I can’t wait for the day when I can marry gorillas as well as girls, giraffes as well as guy, and dozens and dozens of them at a time! It’s not a romance thing, just appeals to my sense of novelty.
This is actually a good reason to keep domestic partnerships even after full marriage equality has been passed. A lot of (mostly older) people have taken advantage of the domestic partnership laws in the states that have passed them. When two people are in a long-term friends/roommates situation it often makes sense for them to be able to make financial and medical decisions like spouses would, but they may not actually want to get married for cultural or religious reasons. Especially with widows or widowers who have survivor benefits that might lapse if they remarry.

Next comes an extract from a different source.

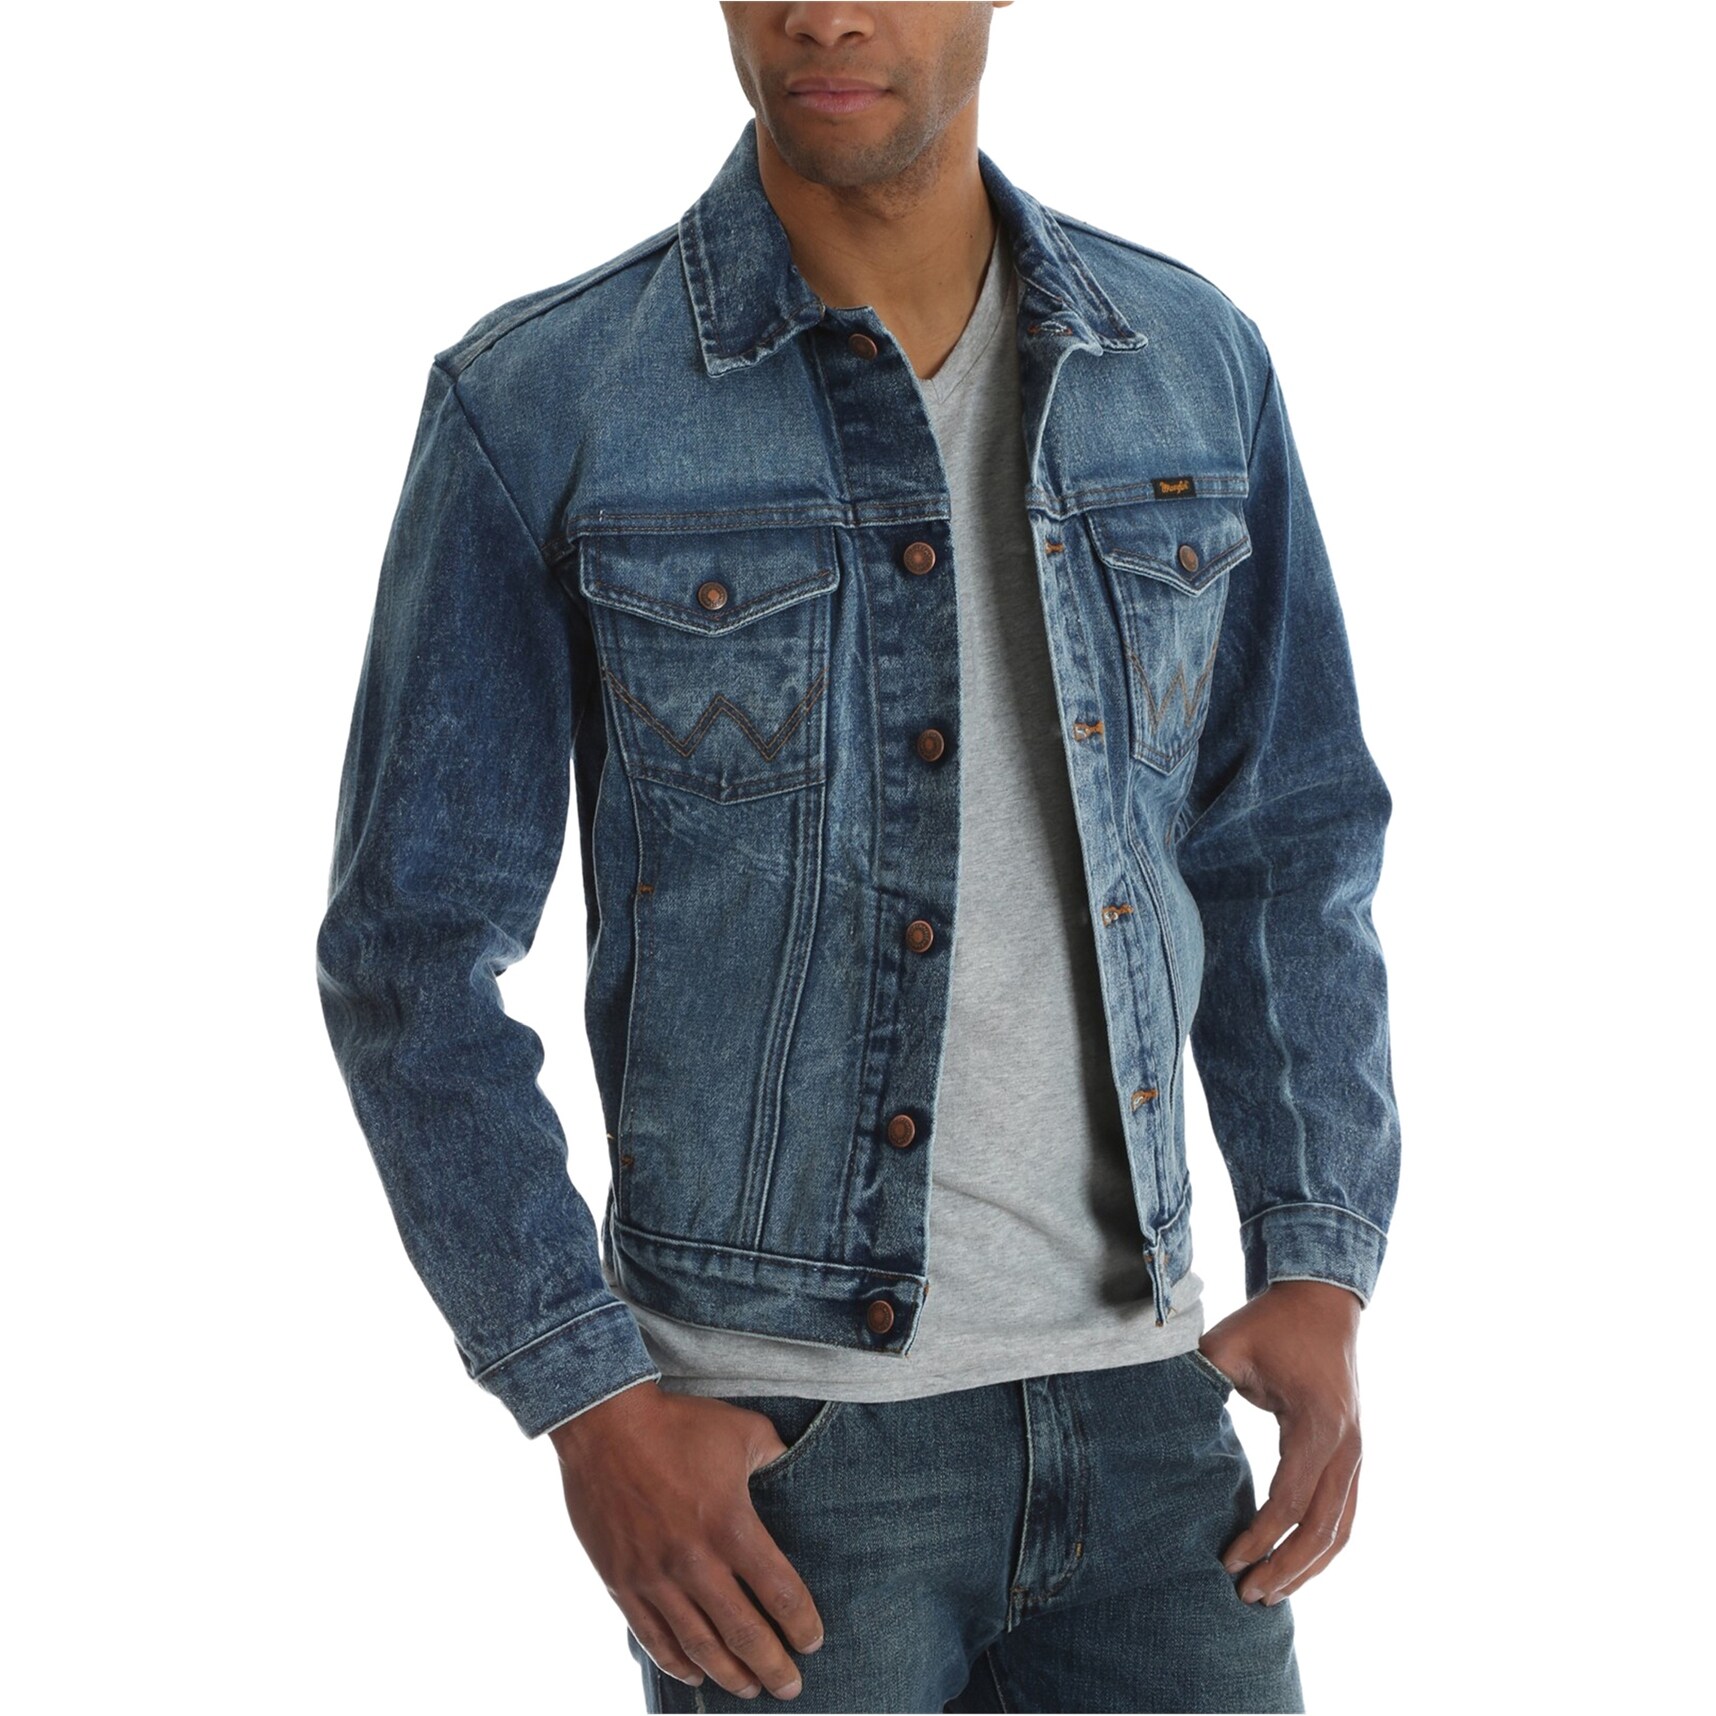 wrangler blue jean jacket

That’s not totally true today for hetero marriages, I doubt it will be true for SSM either. INS, for example, routinely judges whether peoples marriages are “real” when a US citizen marrys someone from out of the country. You have to at least claim to be marrying for romantic reasons, doing so just to get a green card is considered fraud.
We have a hard enough time convincing real couples to marry. I don’t think anyone is really banging down the door to get married these days.
I’m sure the occasional faux marriage will take place, just as happens now. But I don’t think an actual committed non-sexual life partnership is necessarily “taking advantage”, nor so I think it will be common.